It's time to look at why restricting before vacation sends you into overindulgence mode once you get to your destination. It's a cycle that repeats itself...but once you recognize it you can learn what to do so that you can come home from vacation feeling better than when you left. (Coming home feeling relaxed?! It's possible!)

In this episode:

📌 Why "vacation is the goal" mindset primes you for the crash-and-overindulge cycle
📌 How perimenopause makes your body more reactive to food choices on vacation
📌 How to set a simple pre-vacation intention that supports your progress
📌 A meal-by-meal framework for navigating all the vacation food without feeling deprived
📌 How to be intentional (not restrictive) about alcohol on vacation

Vacation should be a rest and reset for your body, not a source of guilt and shame. This episode gives you a realistic, practical framework designed for moms in midlife, so that you can return from vacation with a true pep in your step!
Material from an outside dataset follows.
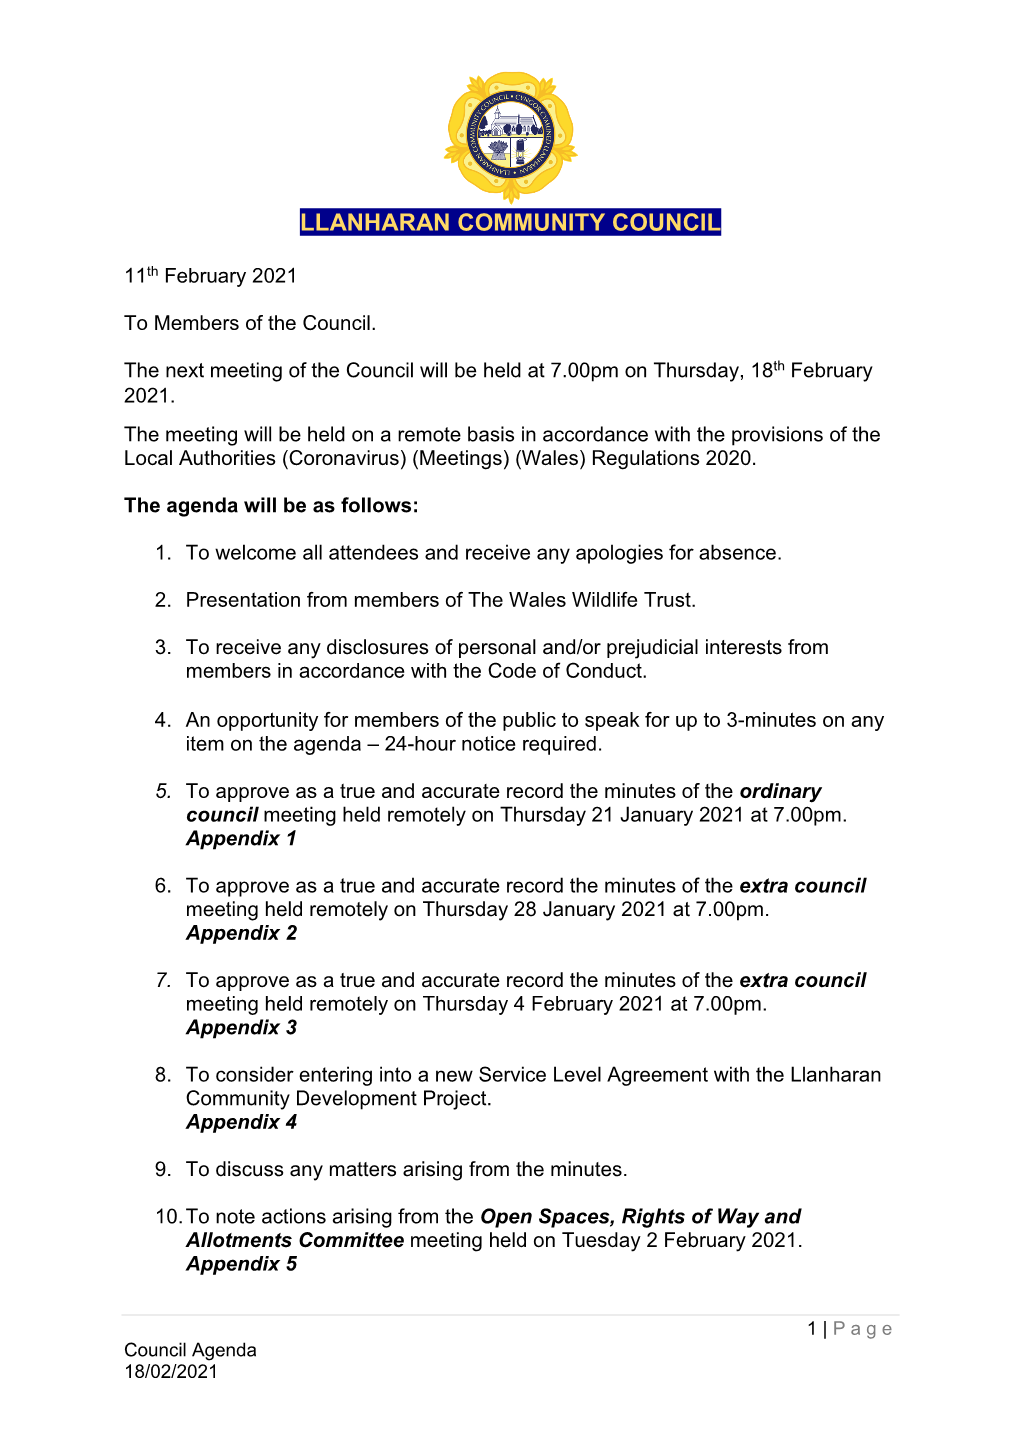 Council Agenda & Papers February 2021

Links & More Support For You

✈️ Eating Anti-Inflammatory On-The-Go Guide
📆 21-Day Anti-Inflammatory Meal Plan
🙋‍♀️ Work with Me
⭐️ Connect on Social
🥑 How I Cook Just 3 Nights/Week
🧠 Change your mindset and thrive in perimenopause with this unique approach

Hello there, my friend, and welcome back to The Family Fork. Today, I want you to think back to the last vacation that you took and think back to that frustration that you felt when you got home. You had worked really, really hard to feel good before the trip, then somehow by day four or five,


You were hiding under a coverup and wondering like, happened? You were bloated, your stomach was puffing out, you were exhausted, you had a headache. And your physical symptoms were taking away from the fun of your vacation. Does that sound familiar?
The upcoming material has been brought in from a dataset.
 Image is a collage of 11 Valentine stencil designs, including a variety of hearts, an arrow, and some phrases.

So I want you to imagine this. Say you've got a trip coming up, spring break, a summer beach vacation, maybe a girls trip or a bonus trip that you earned at work, go you. So you really get serious. You dial in and you clean up what you're eating. You're consistent with your workouts. You have been saying no to the desserts at your family dinner and it's working.
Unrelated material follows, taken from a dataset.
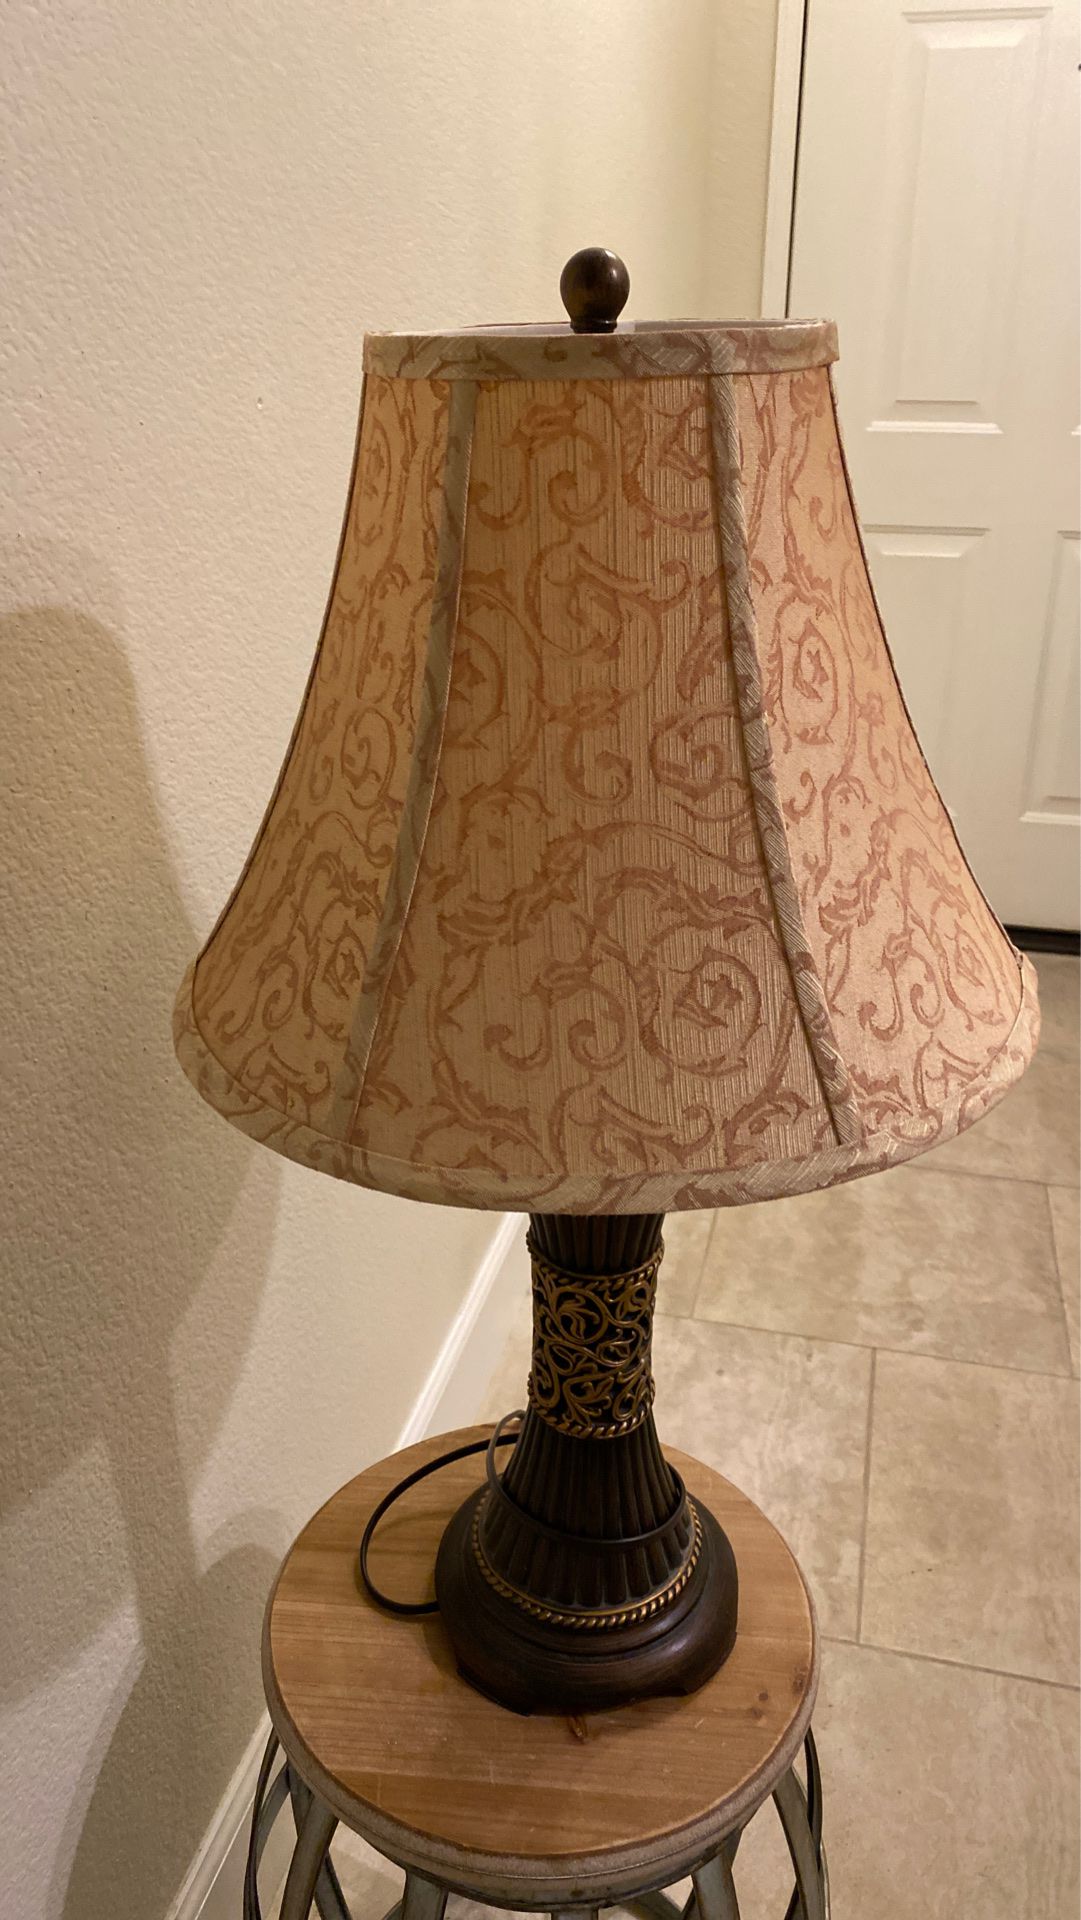 Lamp two available

Your clothes are fitting differently. You've got more energy. And when you try on that bathing suit or that pair of shorts the week before you leave, you think, yes, I did it. So you get there on your vacation and day one is amazing. The breakfast buffet, it has these delicious little strawberry crepes with whipped cream and chocolate sauce. So good.


And then you head out on a day excursion and someone that you're with orders a round of drinks with the lunch that you're eating. Then you get to dinner and it's at a gorgeous steakhouse with a bunch of those like shared side dishes. And of course a flaming dessert like banana slombe. It is all so good. And you are living it up. You're feeling those vacation vibes and you're just taking it all in.


but by day three, you're waking up a little more tired than you had anticipated. And by day four, you're feeling really bloated and you're reaching for that coverup. The day trip that you were so excited about now actually feels like a lot of effort and that mental spiral kicks in. ⁓ I worked so hard to feel fit and confident for this vacation. And now in less than a week,


I feel gross.


you come home more depleted and exhausted than when you left. Instead of feeling motivated to keep going, you actually just feel like, ⁓ I'm going to have to start from scratch again. And that uphill climb, it feels just too big. I know you can relate to this feeling and you're probably thinking, just need more willpower, but getting physically ready for a vacation and then


overindulging big time, here's a newsflash for you. That is not a willpower problem. It's actually a pattern. And good thing is that patterns can be interrupted once you understand what's driving them. Today, we're going to dig into exactly why this pattern or this cycle keeps repeating, how to shift your mindset before your next trip, and


a super realistic framework for eating on vacation that lets you genuinely enjoy yourself without undoing all of your progress. Because you absolutely can come home from vacation feeling better than when you left. Wouldn't that be great?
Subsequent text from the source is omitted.